Attorney Advising Disclaimer

FINRA sanctioned Morgan Stanley Smith Barney and ordered the firm to pay over $13 million—$3.25 million in fines and an additional $9.78 million in restitution to over 3,000 customers—for failing to supervise its representatives' short-term trades of unit investment trusts (UITs), which FINRA cited as affecting more than $5.2 billion-worth of UIT transactions involving "early rollovers."

The latest $13 million penalty follows several notable actions FINRA has taken against individual ex-Morgan Stanley representatives that regulators say engaged in unsuitable, excessive, or unauthorized UIT trading in customer accounts.

For instance, FINRA recently sanctioned former Morgan Stanley broker Elaine Diones LaCerte of Colorado Springs for an "unsuitable pattern" of short-term UIT trading in over 100 customer accounts, resulting in unnecessary sales charges. LaCerte also faces a number of customer disputes alleging unsuitability and misrepresentation related to the UIT sales.

In July, FINRA barred ex-Morgan Stanley broker Kim Dee Isaacson of Utah for defrauding an elderly customer, and attempting to conceal the fraud. In 2016, one of Isaacson's former clients won a $3.6 million award against Morgan Stanley after arbitrators found that the firm failed to supervise Isaacson.
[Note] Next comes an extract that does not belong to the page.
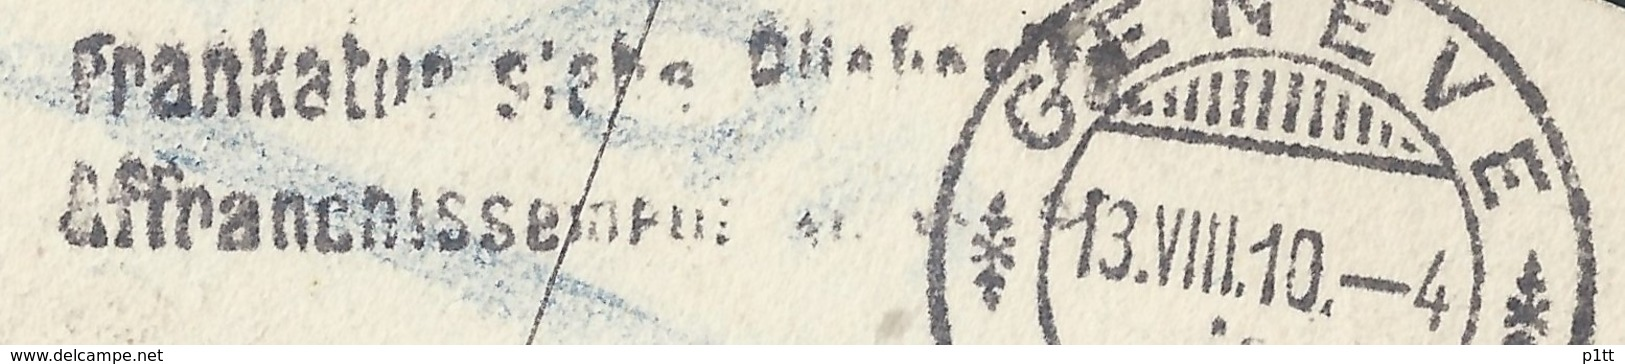 "A27 ""Geneva And Mont Blanc"" Post 1910 Geneva (Switzerland) Pavlovsk (Russia). Passage Of Mail Without Postage Stamps. Ra - Switzerland"

Among the purchases and sales allegedly effected without the customer's consent were equities, bonds, futures, variable annuities (VAs), mutual funds, and UITs.

AWC #201604885501

In concluding that Morgan Stanley failed to establish and maintain an adequate supervisory system and written supervisory procedures designed to detect and prevent short-term UIT trading, FINRA wrote that Morgan Stanley's deficiencies manifested in multiple ways that proved costly to customers.

For instance, because UITs impose a variety of sales charges—FINRA found that a "typical" 24-month UIT sold at Morgan Stanley imposed a 1% initial sales charge, 2.5% deferred sales charge, and a 0.5% creation and development fee—a representative who repeatedly recommended short-term UIT sales before maturity would cause the customer to incur increased sales charges.

In the AWC, FINRA used the example of a hypothetical customer who purchased a 24-month UIT, who rolled over the UIT into a new UIT after six months, repeating the process after the 12th and 18th months, such that by the end of the two-year period, that customer would have wound up paying total sales charges of approximately 12.8%.

By contrast, had the customer simply held the 24-month UIT until maturity, the sales charge would have been just 3.95%.

Investigators found that although Morgan Stanley's compliance procedures themselves stated that, "UITs are intended to be long-term investments," those same procedures insufficiently addressed how supervisory personnel should monitor and review UIT transactions to detect unsuitable short-term trading, such as short-term UIT rollover transactions.

Additionally, FINRA wrote that even though Morgan Stanley had a process to identify short-term UIT switches, the firm specifically excluded UIT rollovers from the definition of "switch" in its policy documents. Thus, reasoned FINRA, if a representative identified or justified a UIT switch as a "rollover," such transactions were not sent to supervisors for review and approval.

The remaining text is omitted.